A pattern observed in some species from our phylogenetic-distance analysis was that certain within-genus species that were analyzed appeared significantly closer (in evolutionary distance) to the species under analysis than the rest of the within-genus species. One example was S. pneumoniae, for which two outlier species (Streptococcus mitis and Streptococcus oralis) were more than two standard deviations farther than the mean distance of all other within-genus species (Fig. 4). The conservation analysis also showed that a large number (71.4%) of all the intergenic regions in S. pneumoniae are also conserved in S. mitis. In this case, we rationalized that intergenic region conservation likely stems from general genome-wide conservation and not from any functional sRNA feature that poses an evolutionary advantage to these species. We reasoned that this could weaken our ability to observe true sRNA enrichment in conserved intergenic regions, since conservation of intergenic regions among organisms that are evolutionarily very close may not possess biological importance.
To evaluate the effect of phylogenetic distance on the sRNA enrichment observed in intergenic regions, we repeated the conservation analysis with a refined set of target organisms. The refined set includes only species with a phylogenetic distance within one standard deviation from the mean phylogenetic distance. As shown in Fig. 5, in the context of S. pneumoniae and B. subtilis, a statistically significant enrichment of sRNAs in conserved intergenic regions was observed after the outliers were removed. These results were consistent with those for other species analyzed, where species that were originally too close or too far were used to determine conservation. These results demonstrated that the refinement of the set of organisms used in the conservation studies to a more appropriate phylogenetic distance results in even higher sRNA enrichment in conserved intergenic regions. Importantly, these data also highlight the importance of selecting an appropriate set of species to make valid conclusions regarding sRNA conservation.
Conservation of sRNAs relative to conservation of flanking coding regions.
Since sRNA-encoding intergenic regions were observed to be more conserved than all other intergenic regions, we wanted to test whether conservation was specific to regions encoding sRNAs. This initially caught our attention due to the high number of sRNAs that we observed to be encoded from a small fraction of all intergenic regions, leaving a large fraction of all intergenic regions seemingly idle. For this analysis, we determined the relationship between the conservation levels of sRNA coding regions (sRCRs) and random intergenic regions (RIGRs) (Fig. 5A). A random intergenic region was defined as a segment of the intergenic region of the same length as the sRNA-coding region with no overlapping sequences.

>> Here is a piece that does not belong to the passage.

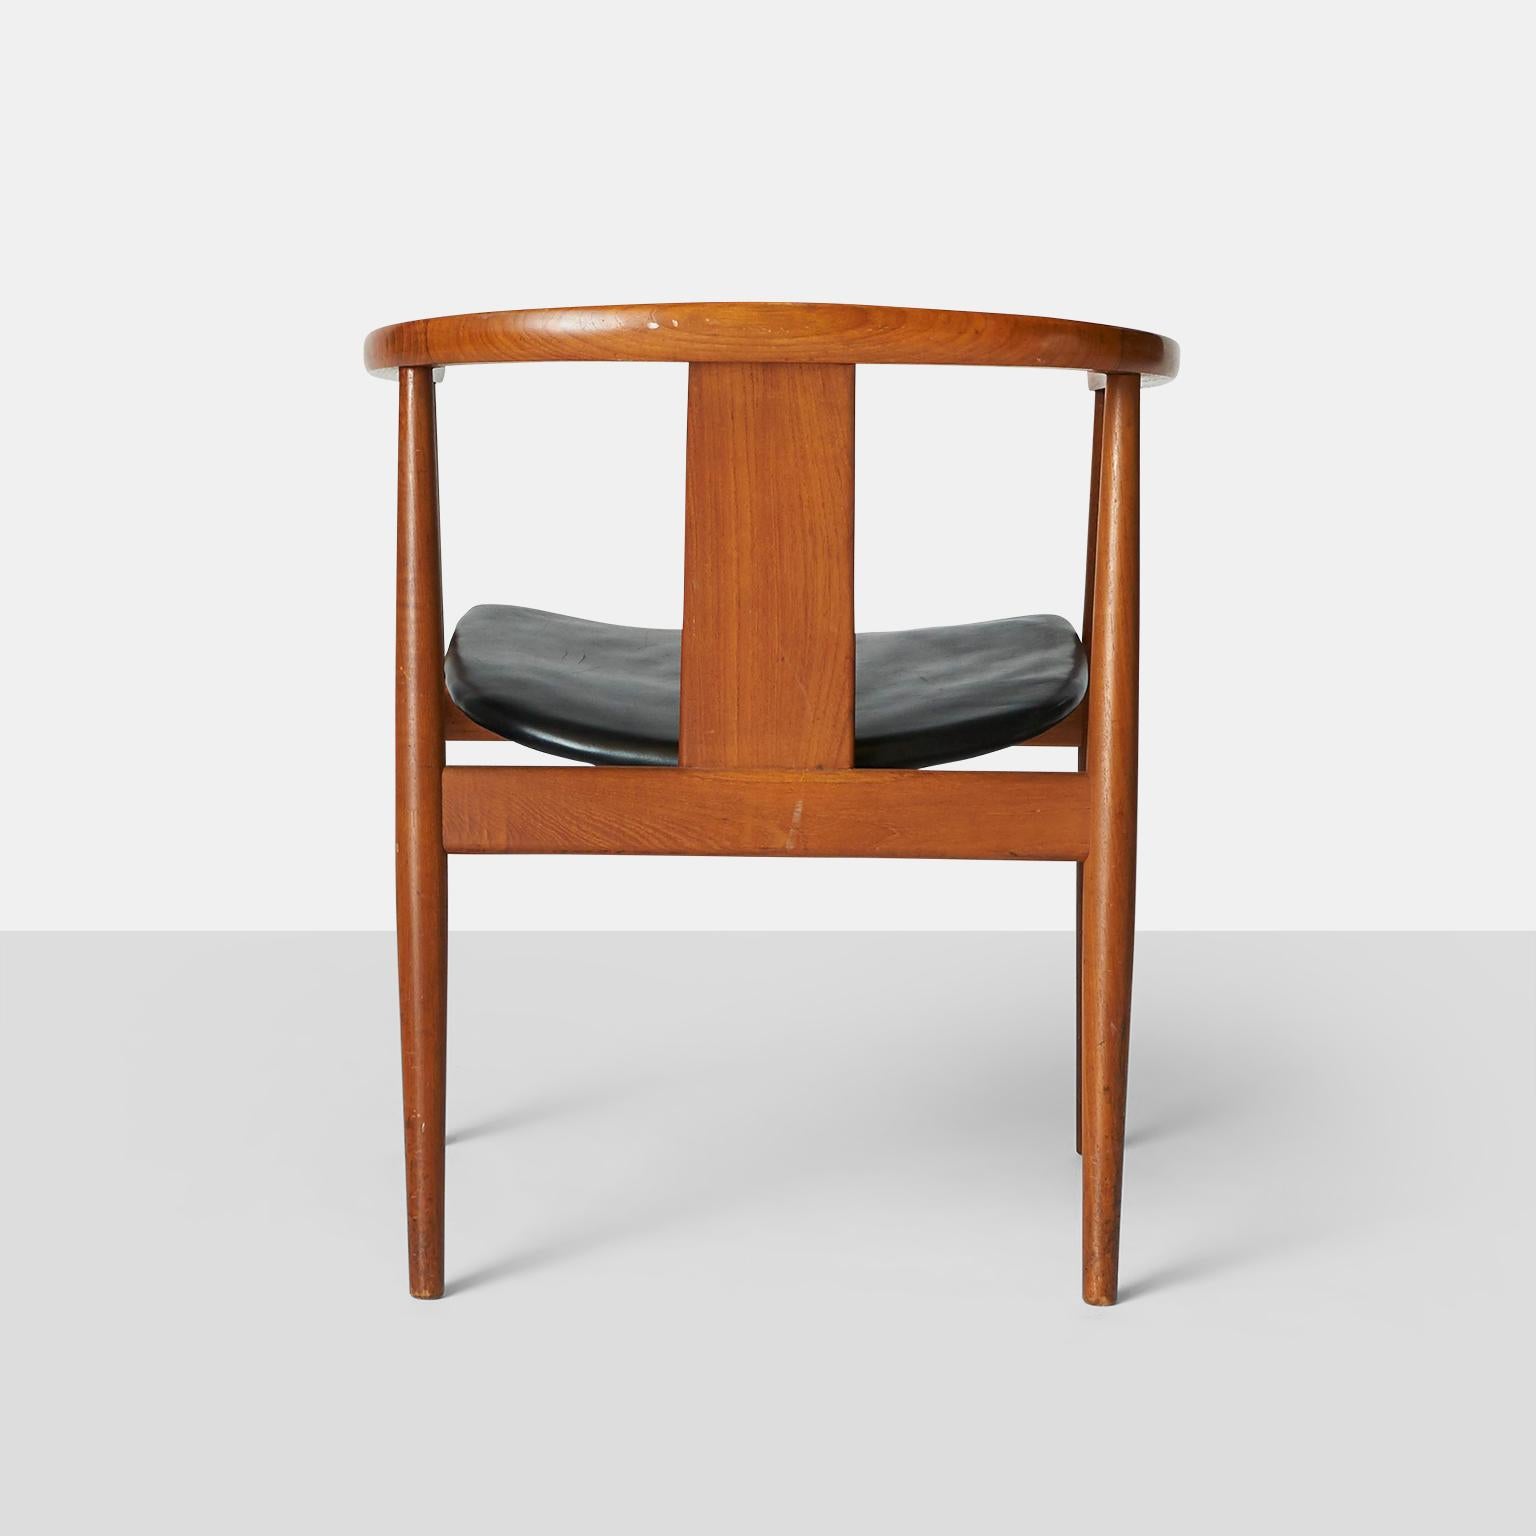 Teak & Leather Chair by Tove and Edvard Kindt-Larsen In Good Condition For Sale In San Francisco, CA

In order to collect statistically meaningful data, we first generated a list of suitable target genomes in which a high number of conserved intergenic regions were more than double the length of the encoding sRNA in that same region. We selected Bacillus subtilis 168 and Streptococcus pyogenes MGAS5005 for this analysis because each species included over 25 conserved intergenic regions that met the set criteria. These species were analyzed for conservation against two groups, the within-genus and outside-genus groups, as described above. Intergenic regions that contained sRNAs with lengths that were <40% of the entire intergenic region were considered for analysis. Figure 5B shows analysis of 61 conserved intergenic regions in B. subtilis and 28 in S. pyogenes, where 65% and 69% of sRNA-encoding regions, respectively, were more conserved than the respective RIGR control (see Table S4 in the supplemental material). Importantly, this result indicates that fragments that encode sRNAs are significantly more conserved than a random region of the same size within the same conserved intergenic region. This interesting result supports our underlying hypothesis that conserved intergenic regions are enriched in sRNAs, as these represent biologically important regions that are beneficial to bacteria.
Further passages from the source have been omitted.